Flashbacks of some Mac game called 'Bad Mojo' or something like that.


----------



## WiyRay (Jan 11, 2009)

ameekplec. said:


> My parent's crazy neighbor did the same thing - but she went as far as to cut the branches on OUR side of the fence too. But she's pretty apeshat crazy - she pulled out the bushes we planted along the side of the house to put down a wood chip pathway instead for herself.
> 
> If you cut down half my tree, I'll cut down half your car. Plus, trees are nice.


Shoulda set fire to the woodchips and said you liked "ash-falt" better


----------



## Mr Fishies (Sep 21, 2007)

ameekplec. said:


> http://www.toronto.ca/faq/trees.htm#q2


Since you didn't mention them being unreasonable about it when you tried to talk - I'm curious, are you escalating after a failed attempt/negotiation?

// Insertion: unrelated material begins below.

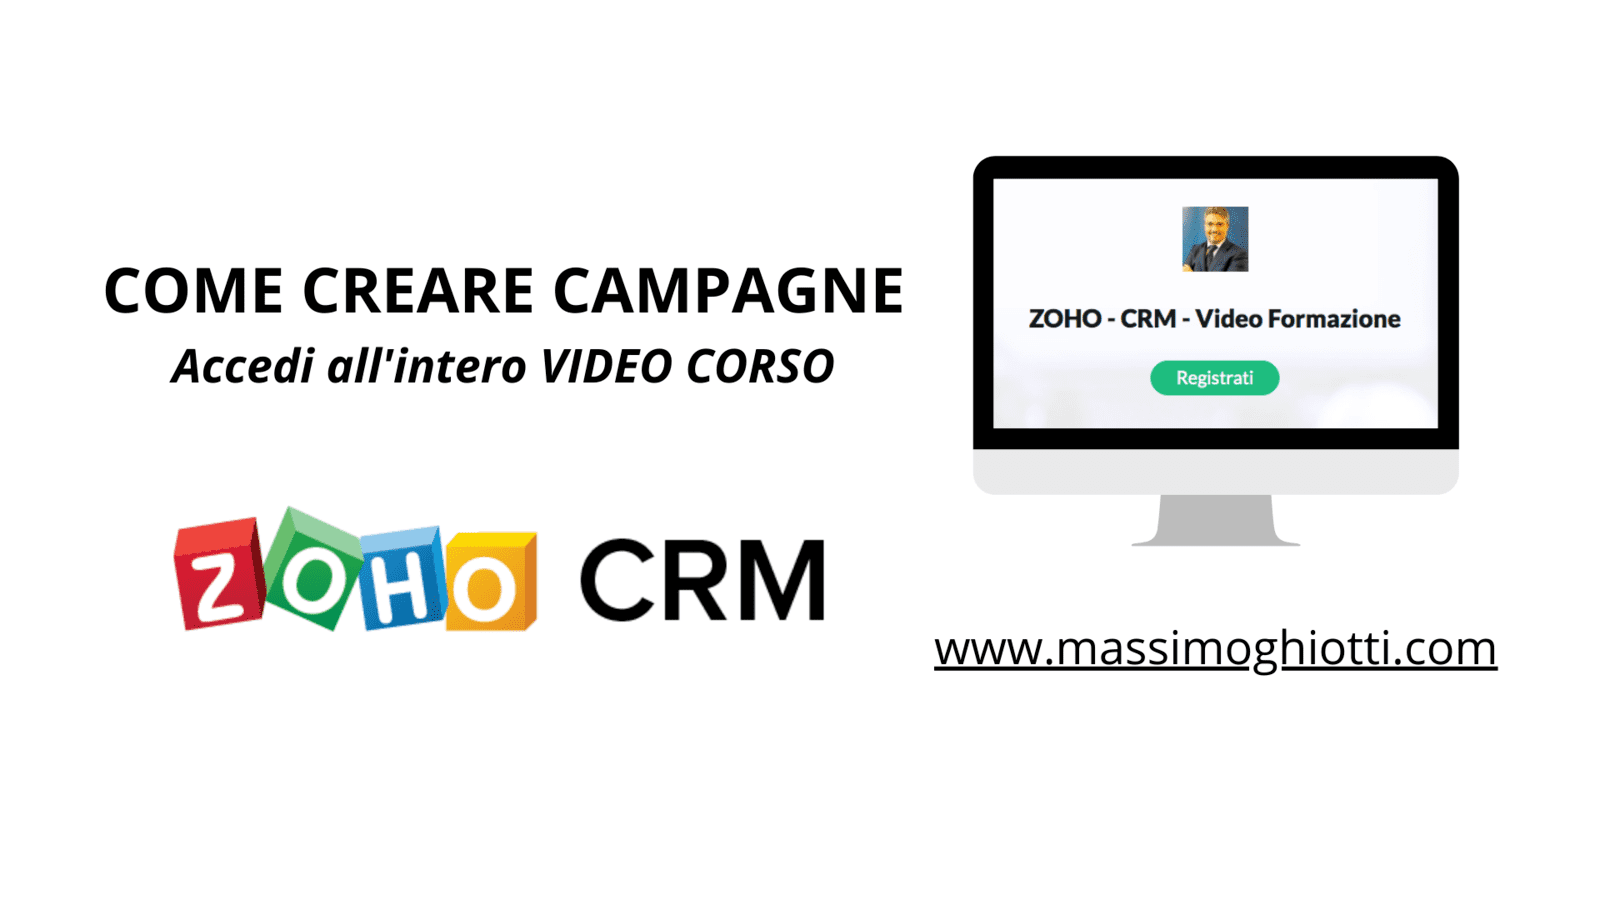 CRM ZOHO - COME CREARE CAMPAGNE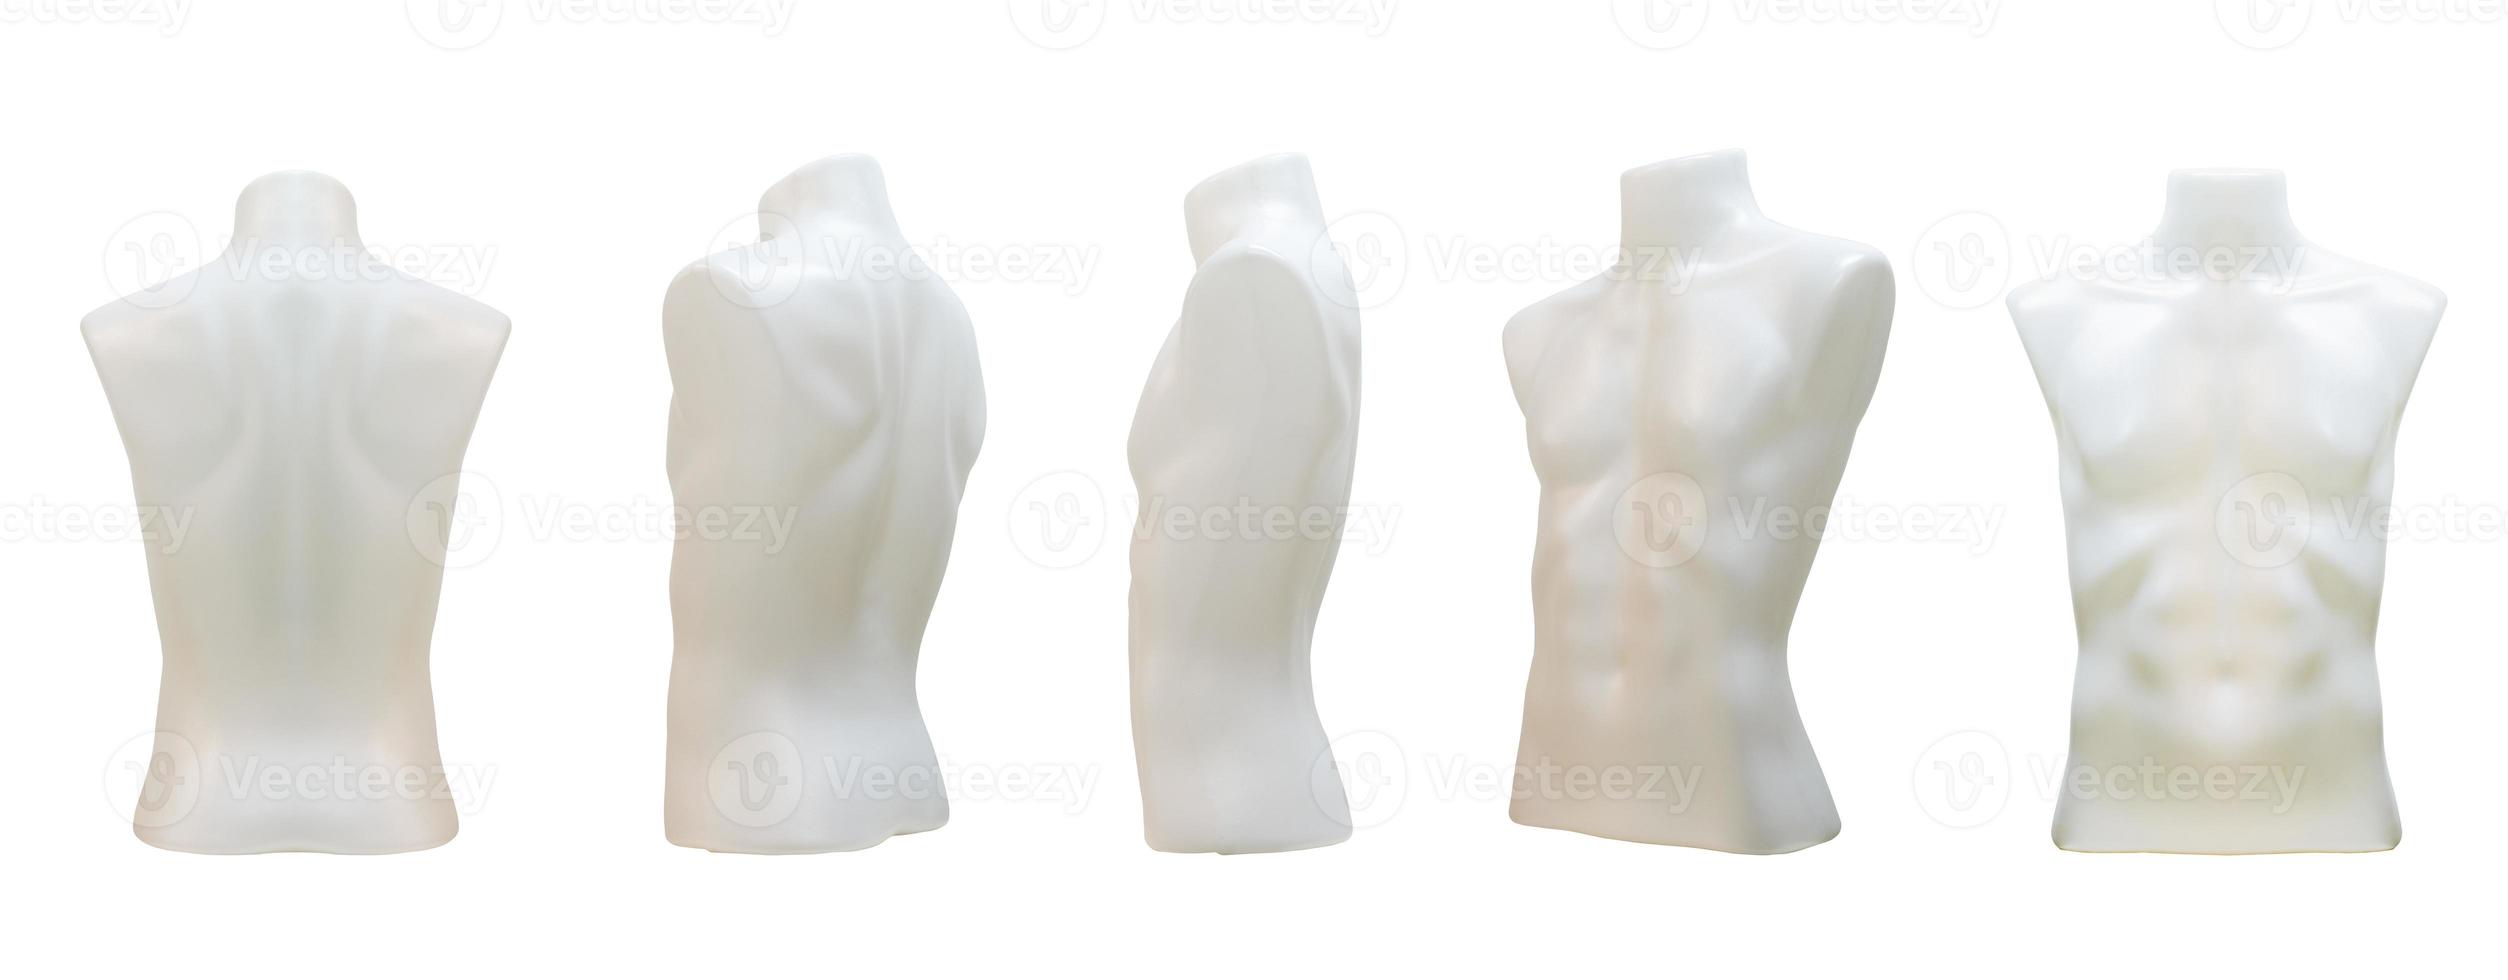 Maniquí masculino de plástico en la parte superior del cuerpo sin ropa aislado sobre fondo blanco con trazado de recorte foto

If not, the suggestion to work to an agreement sounds like a good idea...worth trying if you have not already. Even if law allowed you to cut the branches, it's not very neighbourly to do stuff like that without at least attempting to talk to the person first. You have to live next door long after the branches are gone.

FWIW, my parent's neighbours asked for a big hack job of the tree in the backyard and have complained every year since about how hot their house gets every afternoon and evening now the branches aren't "blocking the nice sun" and dumping leaves in the fall any more.


----------